**Problem statement:** Report back every line from the entries below in which the word "design" occurs.

**Data to examine:**
+ + + + + + +

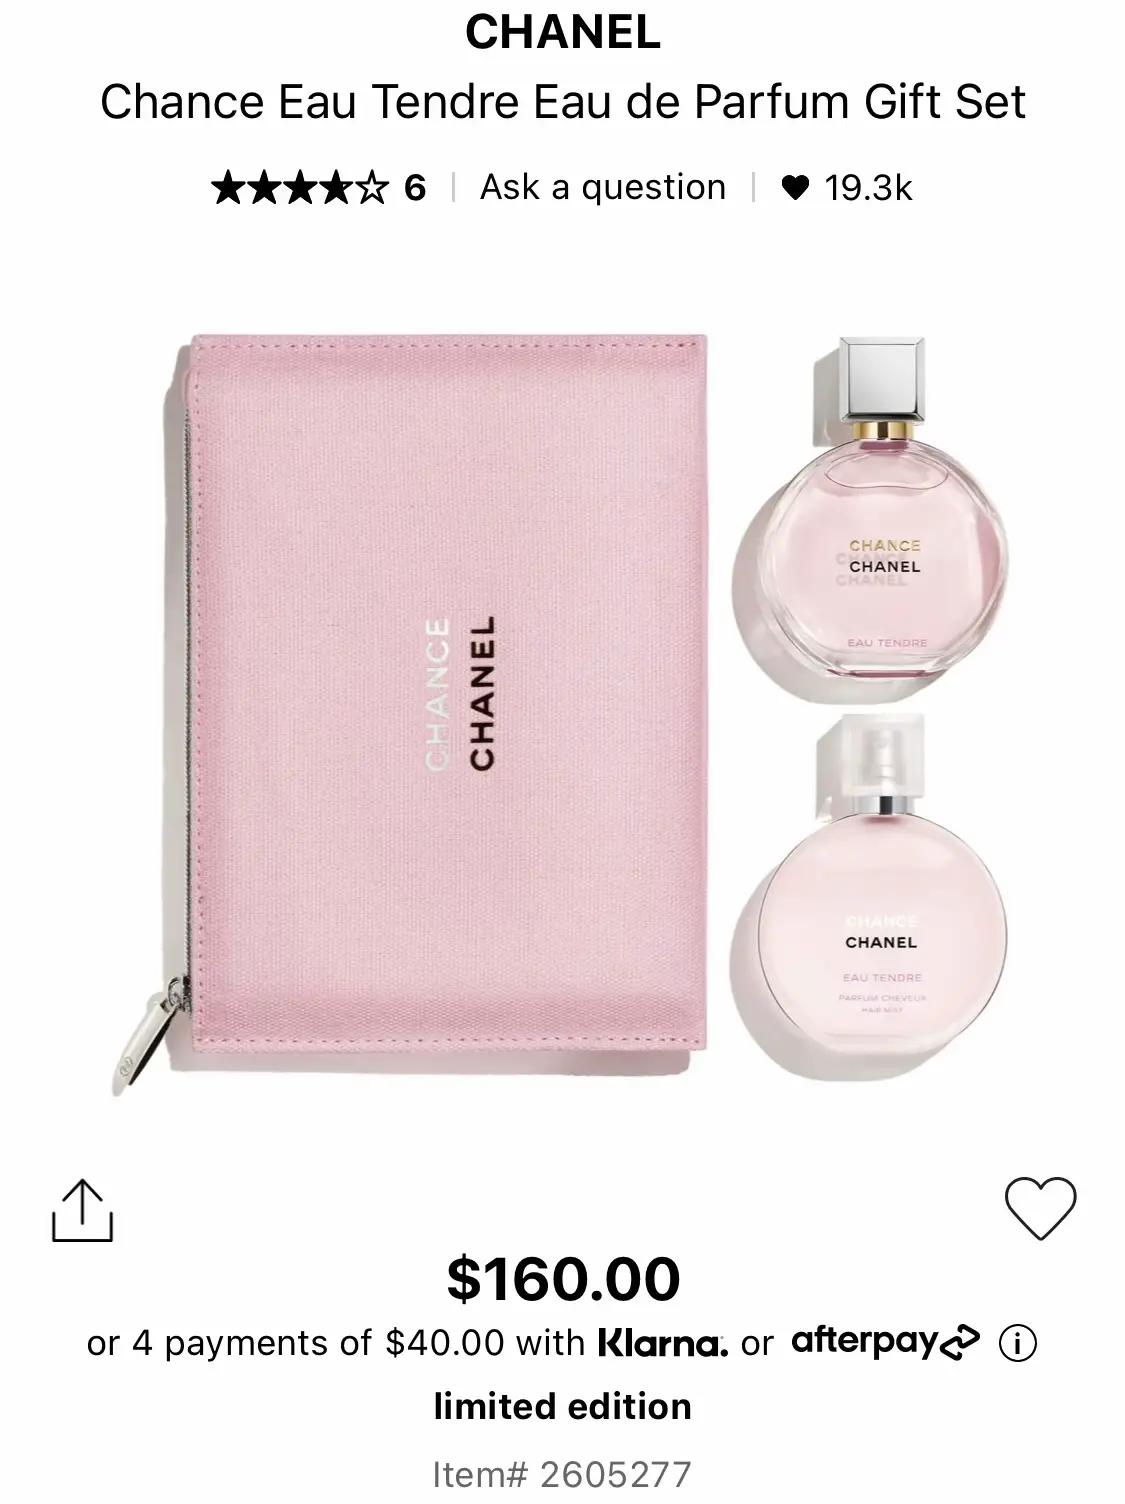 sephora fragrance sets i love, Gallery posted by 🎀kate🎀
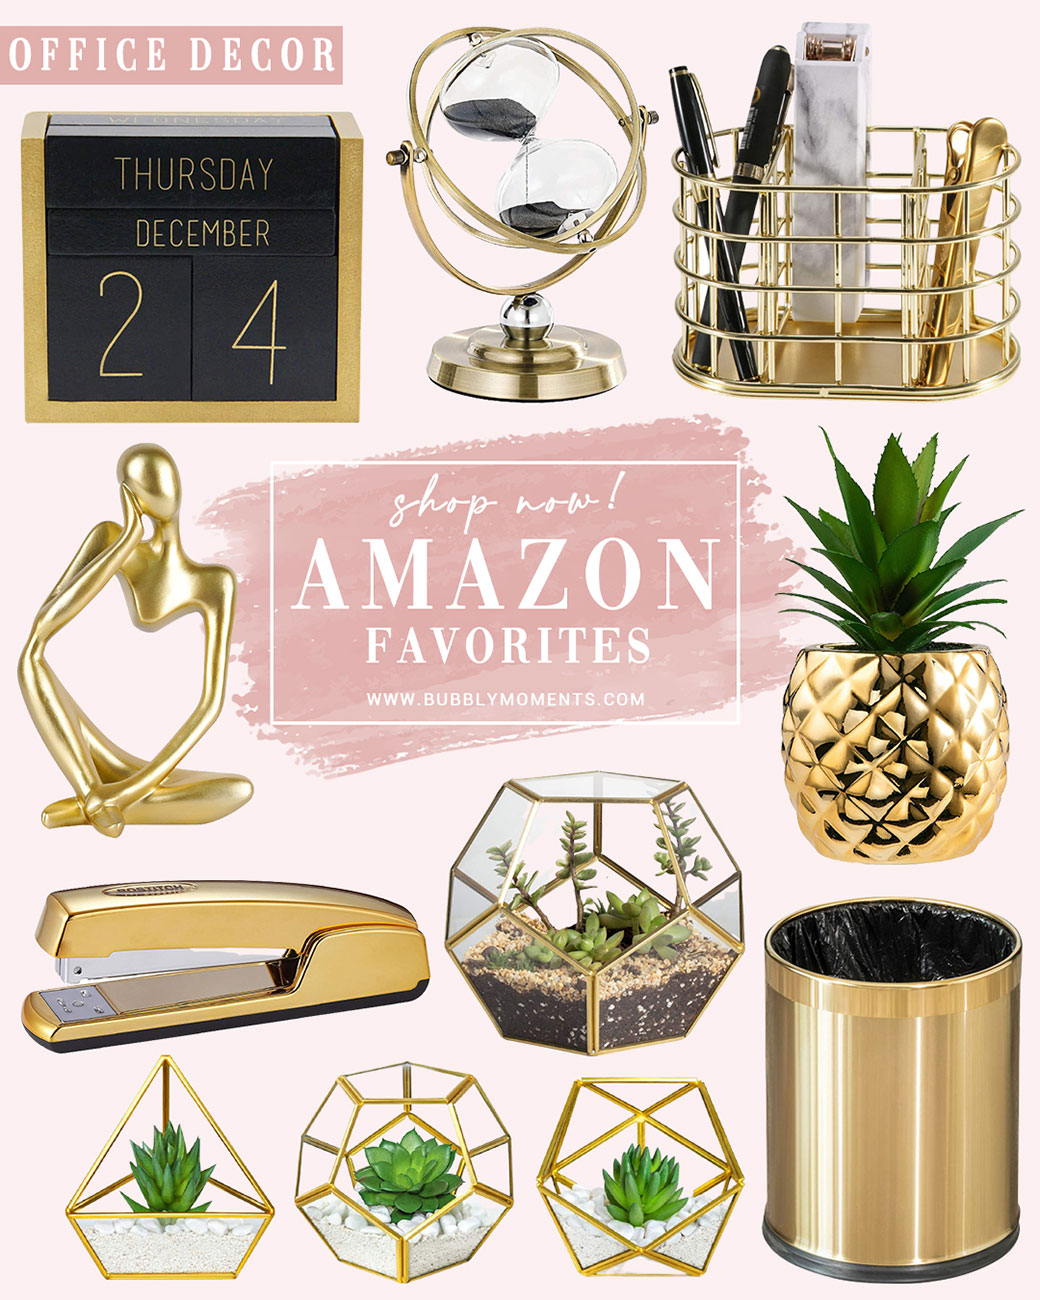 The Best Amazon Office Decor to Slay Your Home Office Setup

+ + + + + + +

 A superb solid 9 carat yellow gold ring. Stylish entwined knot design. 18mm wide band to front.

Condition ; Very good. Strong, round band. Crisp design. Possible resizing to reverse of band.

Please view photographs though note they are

+ + + + + + +

**Answer box:**
 A superb solid 9 carat yellow gold ring. Stylish entwined knot design. 18mm wide band to front.
Condition ; Very good. Strong, round band. Crisp design. Possible resizing to reverse of band.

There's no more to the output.